- _What the task asks_
May I please have every record restated word for word, with the images left out?

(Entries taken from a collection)

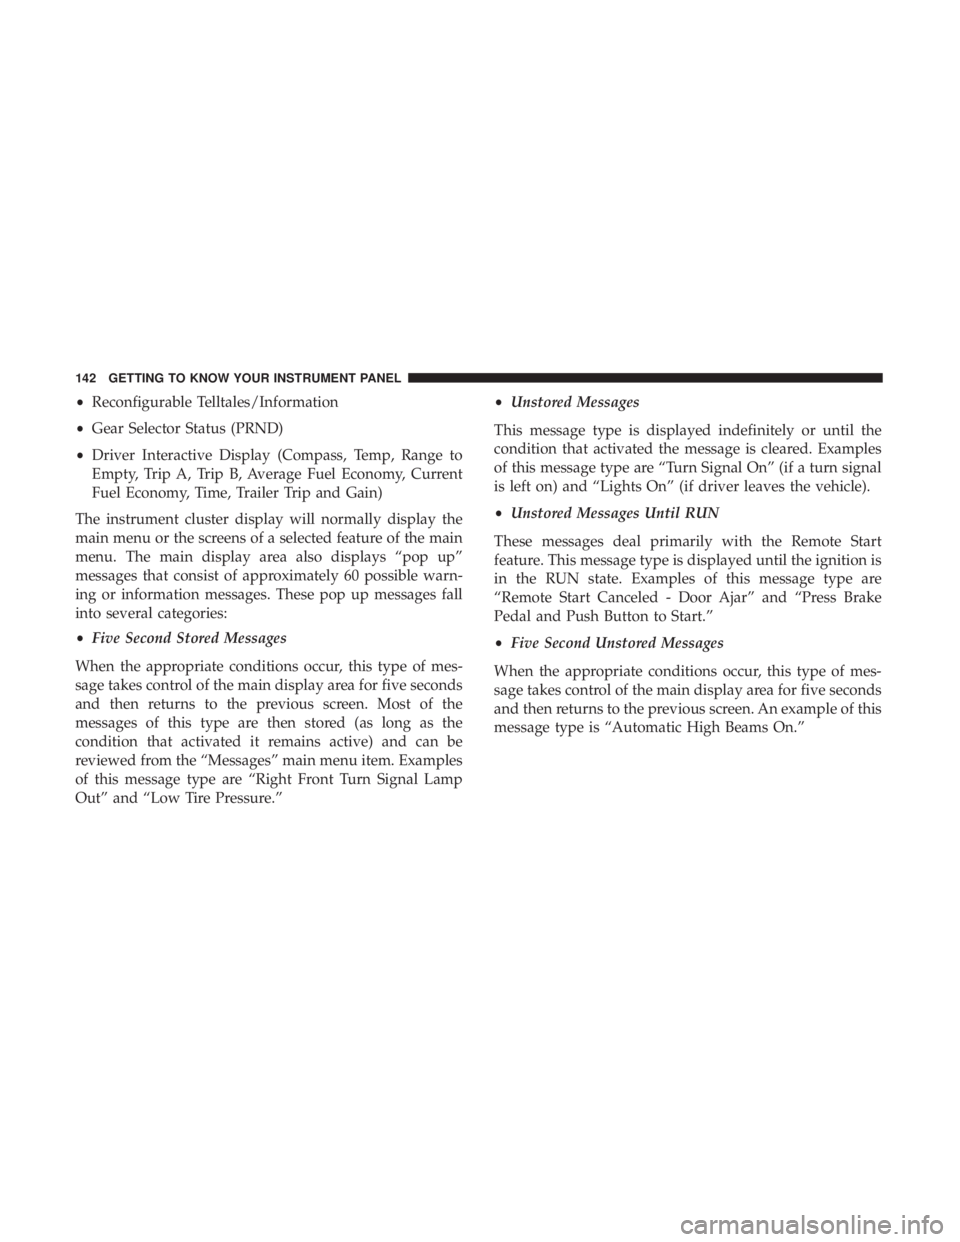 DODGE DURANGO SRT 2019  Owners Manual •Reconfigurable Telltales/Information
• Gear Selector Status (PRND)
• Driver Interactive Display (Compass, Temp, Range to
Empty, Trip A, Trip B, Average Fuel Economy, Current
Fuel Economy, Time,
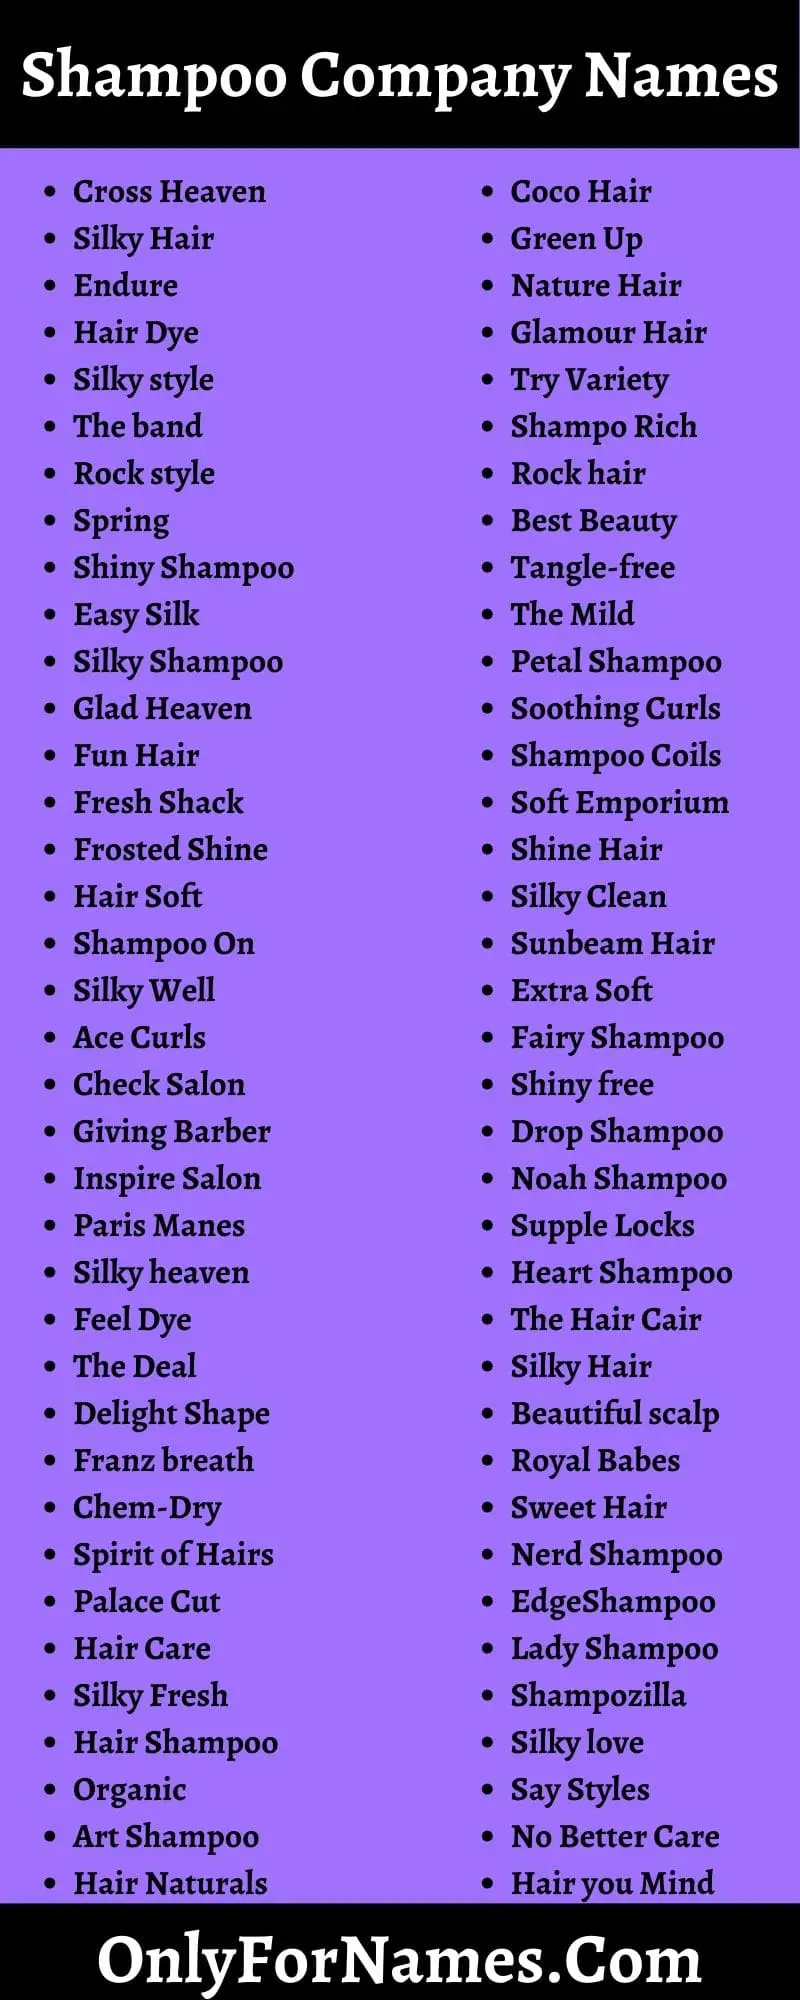 Shampoo Company Names
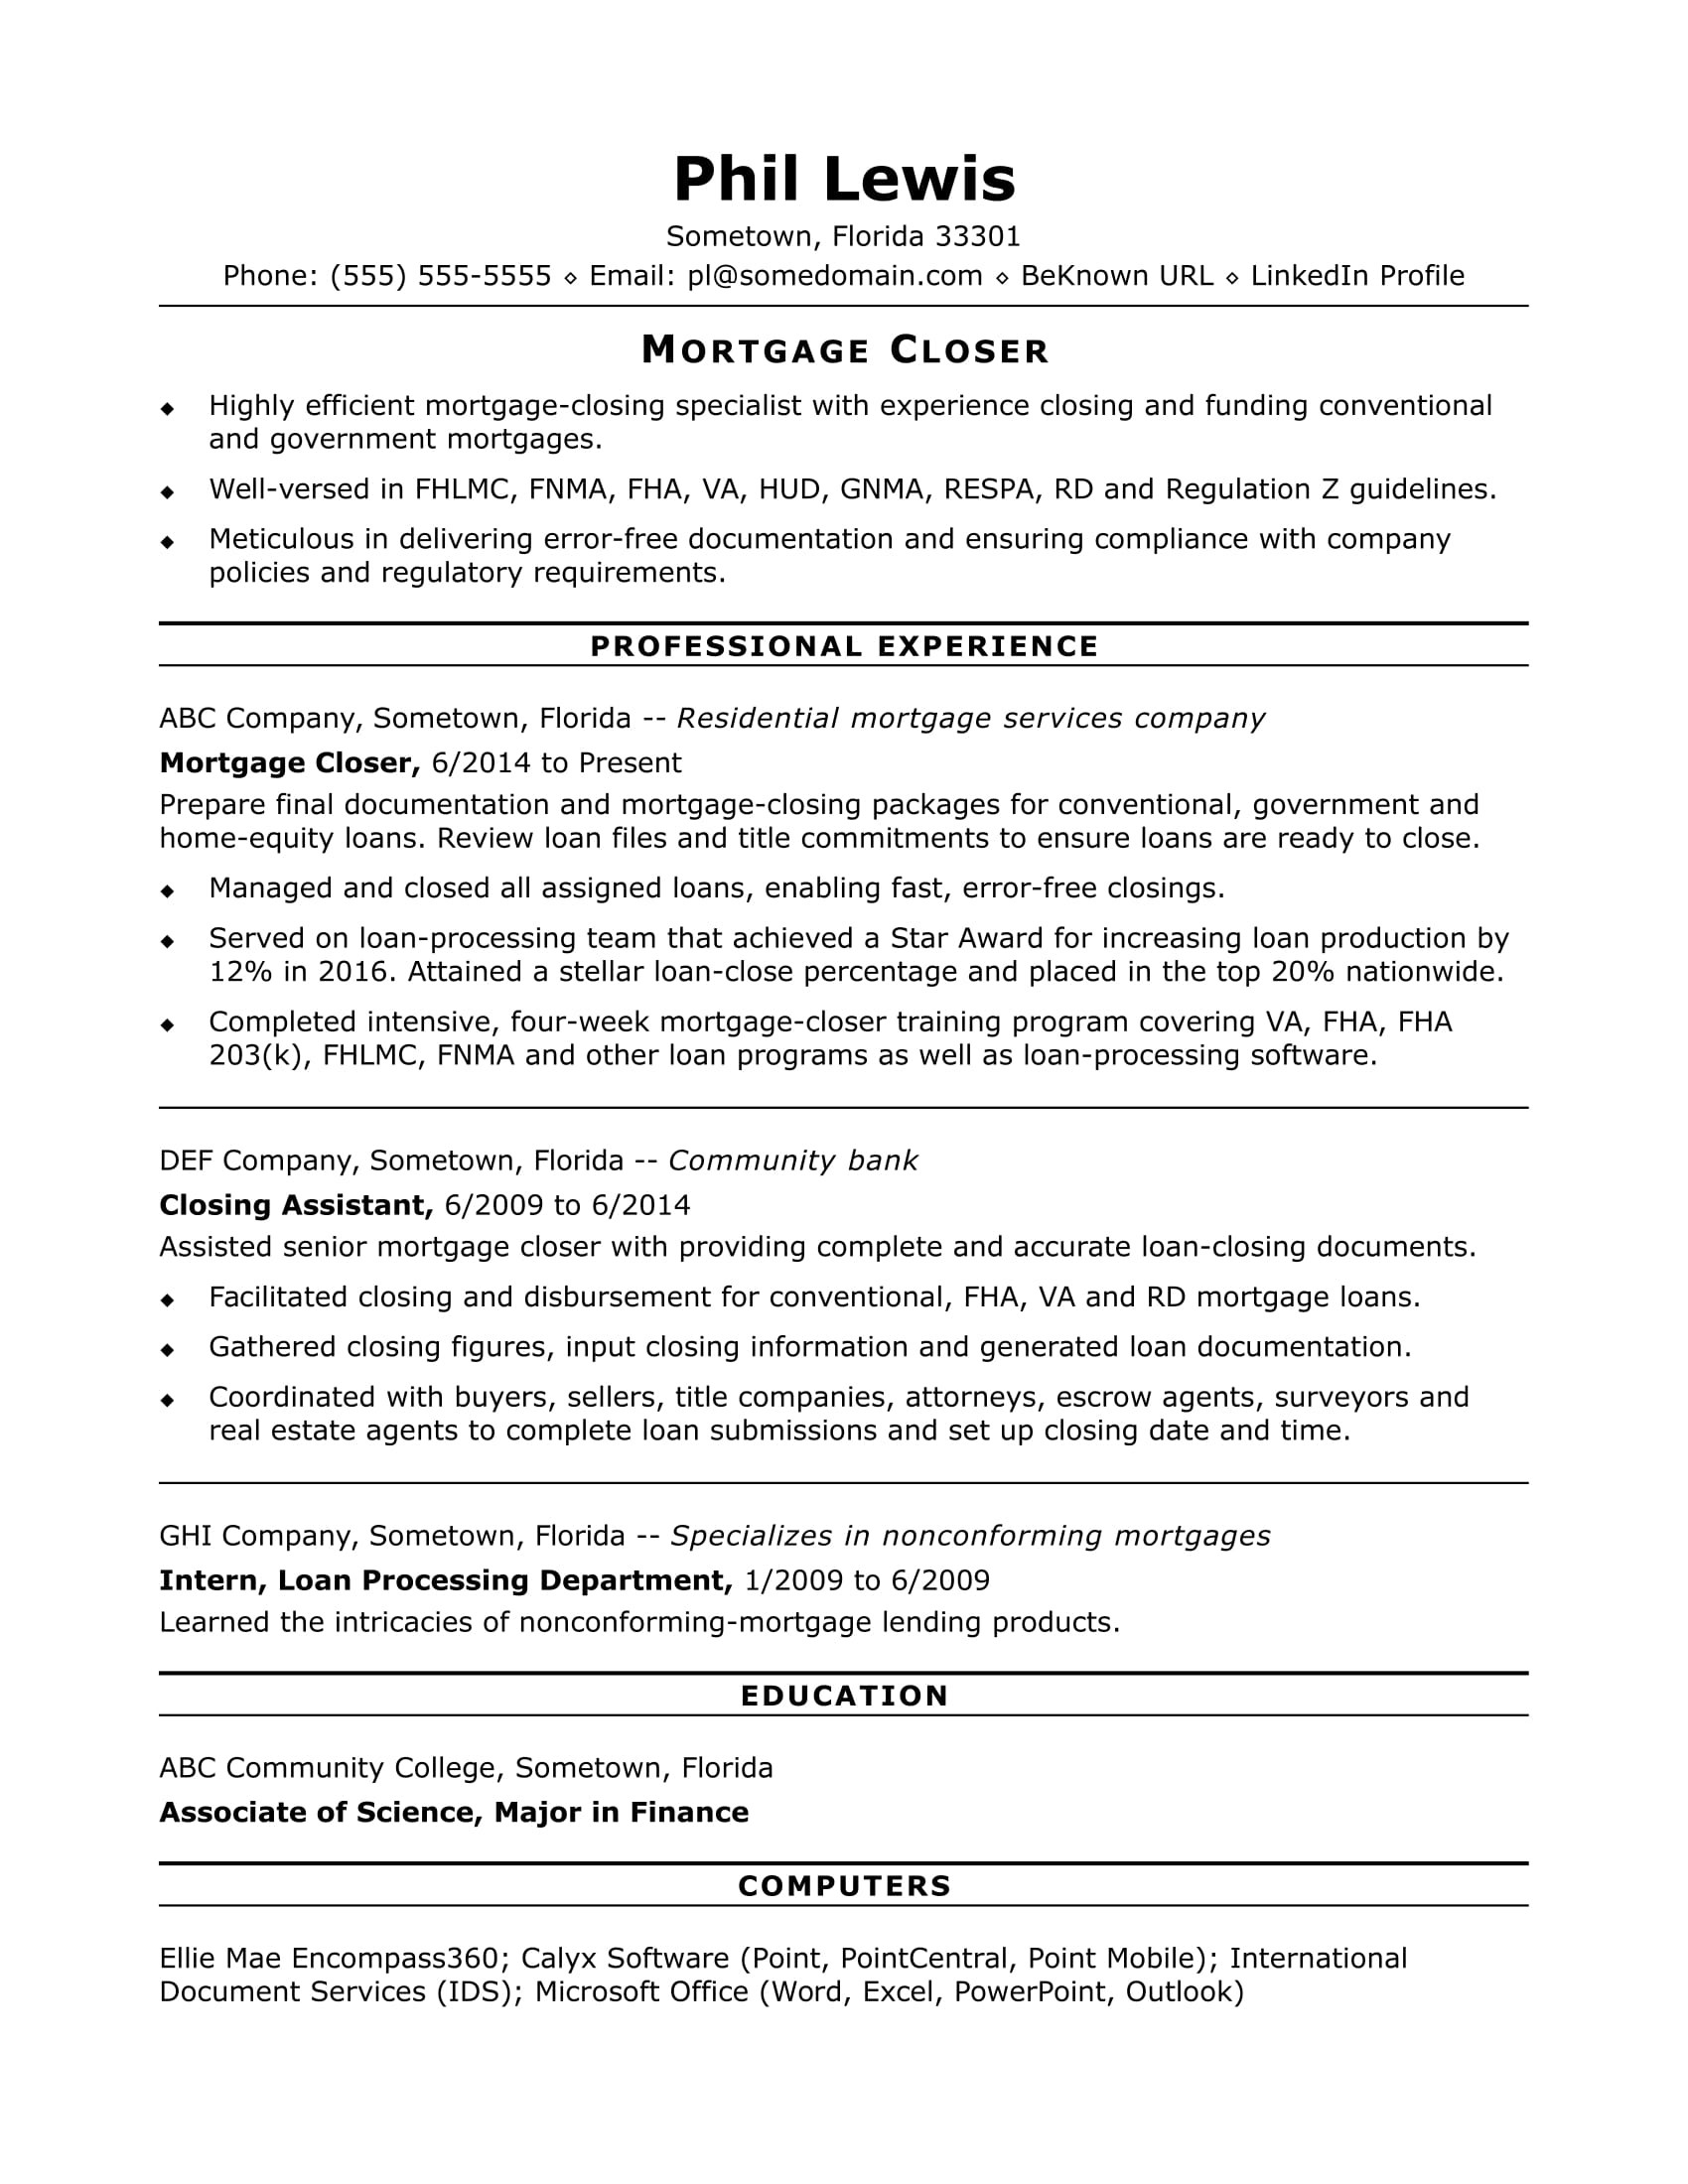 Sample Resume for Senior Mortgage originator Mortgage Closer Resume Sample Monster.com

- _Exercise output_
 DODGE DURANGO SRT 2019  Owners Manual •Reconfigurable Telltales/Information
• Gear Selector Status (PRND)
• Driver Interactive Display (Compass, Temp, Range to
Empty, Trip A, Trip B, Average Fuel Economy, Current
Fuel Economy, Time,
 Shampoo Company Names
 Sample Resume for Senior Mortgage originator Mortgage Closer Resume Sample Monster.com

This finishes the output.